▸ Dataset excerpts
************

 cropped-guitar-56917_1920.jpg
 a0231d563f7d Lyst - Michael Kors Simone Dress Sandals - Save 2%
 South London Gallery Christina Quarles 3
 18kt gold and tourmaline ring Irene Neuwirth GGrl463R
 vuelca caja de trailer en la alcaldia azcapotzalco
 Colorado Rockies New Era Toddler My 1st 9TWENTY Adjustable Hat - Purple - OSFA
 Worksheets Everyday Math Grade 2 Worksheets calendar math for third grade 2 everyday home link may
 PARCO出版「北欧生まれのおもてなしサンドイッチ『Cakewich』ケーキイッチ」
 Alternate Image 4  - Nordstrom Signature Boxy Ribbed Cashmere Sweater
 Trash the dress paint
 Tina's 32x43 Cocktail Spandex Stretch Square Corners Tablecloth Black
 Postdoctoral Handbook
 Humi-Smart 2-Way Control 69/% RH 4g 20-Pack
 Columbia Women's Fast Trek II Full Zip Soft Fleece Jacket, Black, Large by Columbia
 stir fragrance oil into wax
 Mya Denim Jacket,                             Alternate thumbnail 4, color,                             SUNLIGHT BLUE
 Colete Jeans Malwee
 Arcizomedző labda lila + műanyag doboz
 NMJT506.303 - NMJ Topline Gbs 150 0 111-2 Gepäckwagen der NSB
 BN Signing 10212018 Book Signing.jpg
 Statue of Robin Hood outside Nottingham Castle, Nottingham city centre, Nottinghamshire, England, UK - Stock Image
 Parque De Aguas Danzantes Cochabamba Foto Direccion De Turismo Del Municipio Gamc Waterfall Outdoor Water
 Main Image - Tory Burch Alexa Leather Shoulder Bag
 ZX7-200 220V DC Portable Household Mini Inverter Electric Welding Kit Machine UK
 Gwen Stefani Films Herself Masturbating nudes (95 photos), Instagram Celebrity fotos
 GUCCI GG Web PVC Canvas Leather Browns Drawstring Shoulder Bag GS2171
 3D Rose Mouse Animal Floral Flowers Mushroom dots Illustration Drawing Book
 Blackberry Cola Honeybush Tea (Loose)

************

▸ About this exercise
Please copy only the lines from the one with "Worksheets Everyday Math" through the final line of the records above, both ends included.

▸ Written reply
 Worksheets Everyday Math Grade 2 Worksheets calendar math for third grade 2 everyday home link may
 PARCO出版「北欧生まれのおもてなしサンドイッチ『Cakewich』ケーキイッチ」
 Alternate Image 4  - Nordstrom Signature Boxy Ribbed Cashmere Sweater
 Trash the dress paint
 Tina's 32x43 Cocktail Spandex Stretch Square Corners Tablecloth Black
 Postdoctoral Handbook
 Humi-Smart 2-Way Control 69/% RH 4g 20-Pack
 Columbia Women's Fast Trek II Full Zip Soft Fleece Jacket, Black, Large by Columbia
 stir fragrance oil into wax
 Mya Denim Jacket,                             Alternate thumbnail 4, color,                             SUNLIGHT BLUE
 Colete Jeans Malwee
 Arcizomedző labda lila + műanyag doboz
 NMJT506.303 - NMJ Topline Gbs 150 0 111-2 Gepäckwagen der NSB
 BN Signing 10212018 Book Signing.jpg
 Statue of Robin Hood outside Nottingham Castle, Nottingham city centre, Nottinghamshire, England, UK - Stock Image
 Parque De Aguas Danzantes Cochabamba Foto Direccion De Turismo Del Municipio Gamc Waterfall Outdoor Water
 Main Image - Tory Burch Alexa Leather Shoulder Bag
 ZX7-200 220V DC Portable Household Mini Inverter Electric Welding Kit Machine UK
 Gwen Stefani Films Herself Masturbating nudes (95 photos), Instagram Celebrity fotos
 GUCCI GG Web PVC Canvas Leather Browns Drawstring Shoulder Bag GS2171
 3D Rose Mouse Animal Floral Flowers Mushroom dots Illustration Drawing Book
 Blackberry Cola Honeybush Tea (Loose)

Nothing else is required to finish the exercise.